聖書の中に、このような自分自身の罪と悲惨さと徹底的に向き合った人がいます。それが使徒パウロです。ローマ書7章18節からお読みします。「私は、自分のうちに、すなわち、自分の肉のうちに善が住んでいないことを知っています。私には良いことをしたいという願いがいつもあるのに、実行できないからです。私は、したいと願う善を行わないで、したくない悪を行っています。私が自分でしたくないことをしているなら、それを行っているのは、もはや私ではなくて、私のうちに住んでいる罪です。そういうわけで、善を行いたいと願っている、その私に悪が存在するという原理を、私は見出します。私は、内なる人としては、神の律法を喜んでいますが、私のからだには異なる律法があって、それが私の心の律法に対し戦いを挑み、私を、からだにある罪の律法のうちにとりこにしていることが分かるのです。私は本当にみじめな人間です。だれが、この死のからだから、私を救い出してくれるのでしょうか」。これは魂の叫びです。自分がしたいと思っている善を行えず、自分が憎んでいる悪を行ってしまう「私」。したいと願う善を行わないで、したくない悪を行っている「私」。こうしたまったくの対極にある「私」の間から聞こえて来る呻きのような叫びです。「私は本当にみじめな人間です。だれがこの死のからだから、私を救い出してくれるのでしょうか」。
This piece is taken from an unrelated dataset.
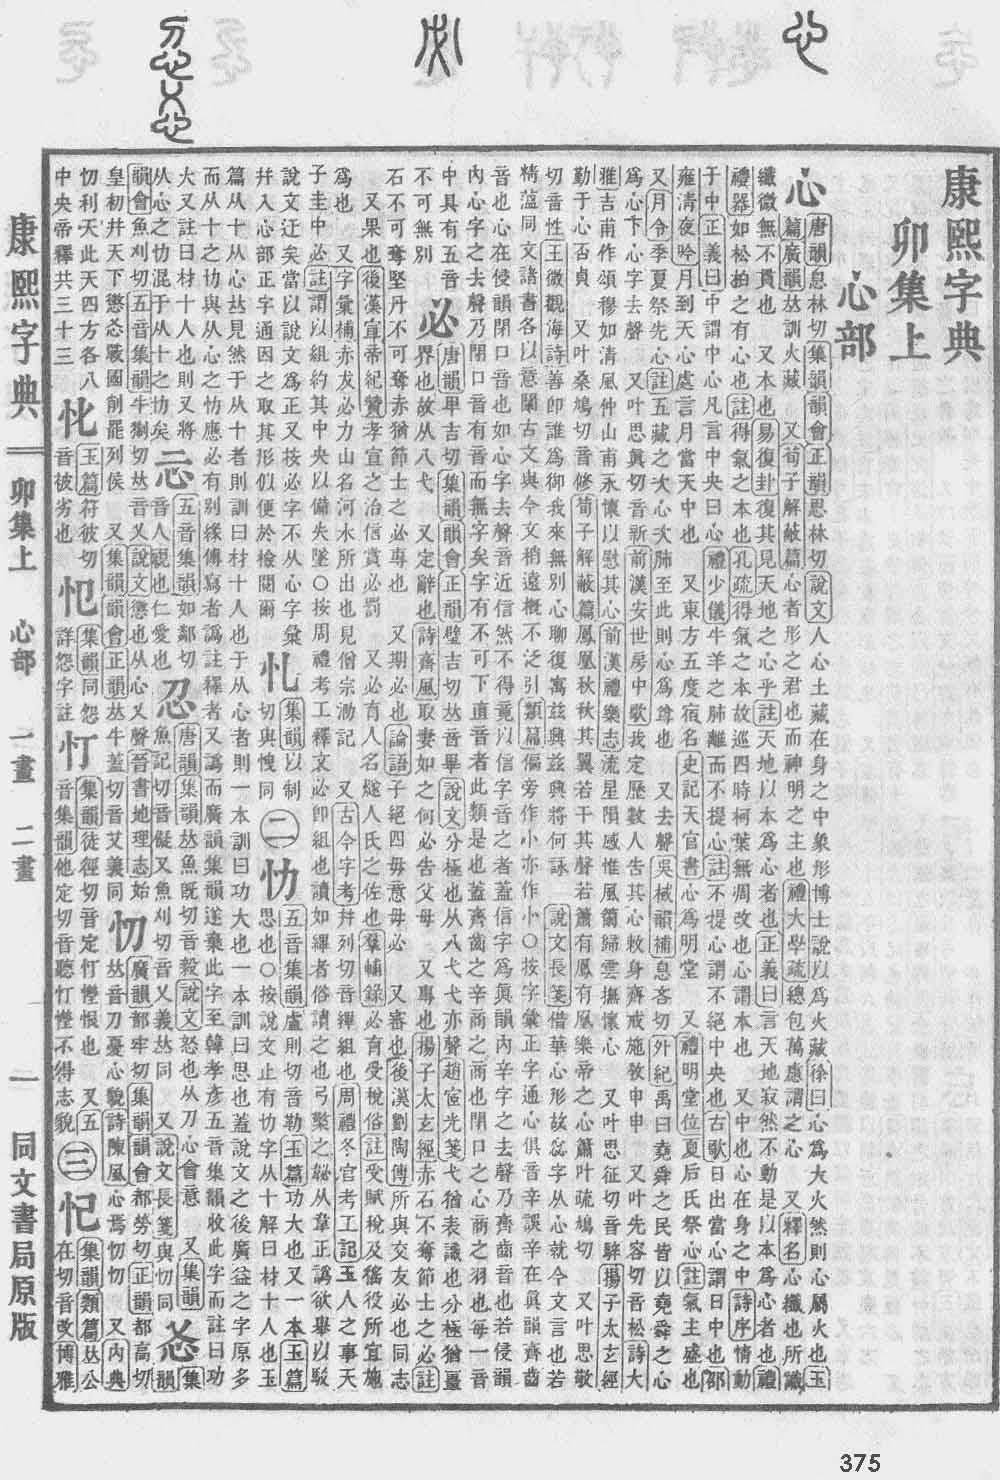 《康熙字典》第375页
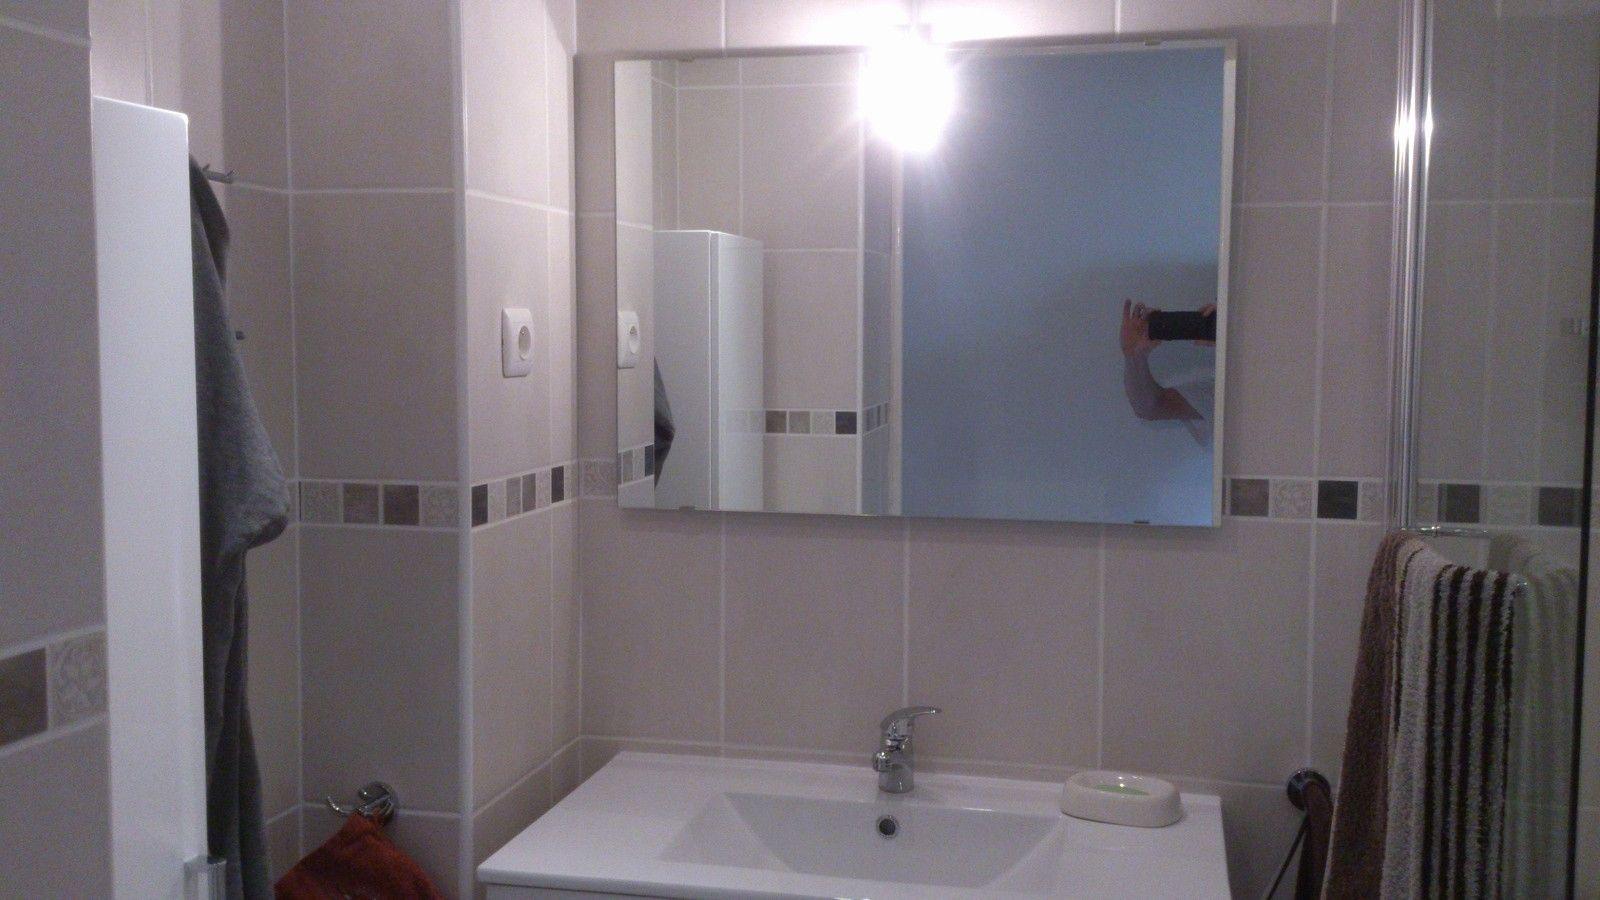 Habillage Baignoire Placo Hydrofuge Pour Maximiser Votre Disposition De Decoration Bathroom

16世紀のドイツで作られた『ハイデルベルク信仰問答』は、第一問で「生きるにも死ぬにも唯一つの慰めは何か」と問い、「私たちが生きるにも死ぬにも、身体も魂も、私たちの贖い主キリストのものとされること」と答えます。続く第二問では、そのような慰めのうちに生き、死ぬために私たちが知らなければならないことを三つ挙げます。「第一に、どれほどわたしの罪と悲惨が大きいか、第二に、どうすればあらゆる罪と悲惨から救われるか、第三に、どのようにこの救いに対して神に感謝すべきか、ということです」と。この「悲惨」、「みじめ」と訳されるドイツ語の「Elend」について、加藤常昭先生が、故郷を追われて帰るところを持たない人の姿を現す言葉だと述べておられます。本当は帰りたいのに帰れない。帰るすべを持たない人間の姿。それは迷子になってしまったというよりも、ちょうどあのルカ15章の「放蕩息子のたとえ」に出て来る弟息子の姿のようなものです。自分の力では父のもとに帰れない。帰るべき場所に帰ることができない人間のみじめさ、本当の安心、本当の居場所を持つことのできない人間のみじめさ。このみじめさの中に身を置くとき、私たちの心には一層の故郷への憧れが強まります。帰りたいのに帰れないみじめさの中で、一層強く自分を迎えてくれるお方の存在が迫ってくるのです。
故郷に帰れない私を迎えてくださる救い主の存在。「あなたはわたしの愛する子だ」と言って、はばかることなく罪に汚れた私を受け止めてくれる父としての神の愛。私たちを罪とみじめ悲惨から救い出して、神の子どもとしてくださるために父なる神さまが与えてくださったのが、神の御子イエス・キリストです。それで次回、私たちはこの御子イエス・キリストのお姿に触れることになります。私たちを罪とそのみじめさから救い出してくださる救い主、神の御子イエス・キリストを仰ぎ、待ち望みましょう。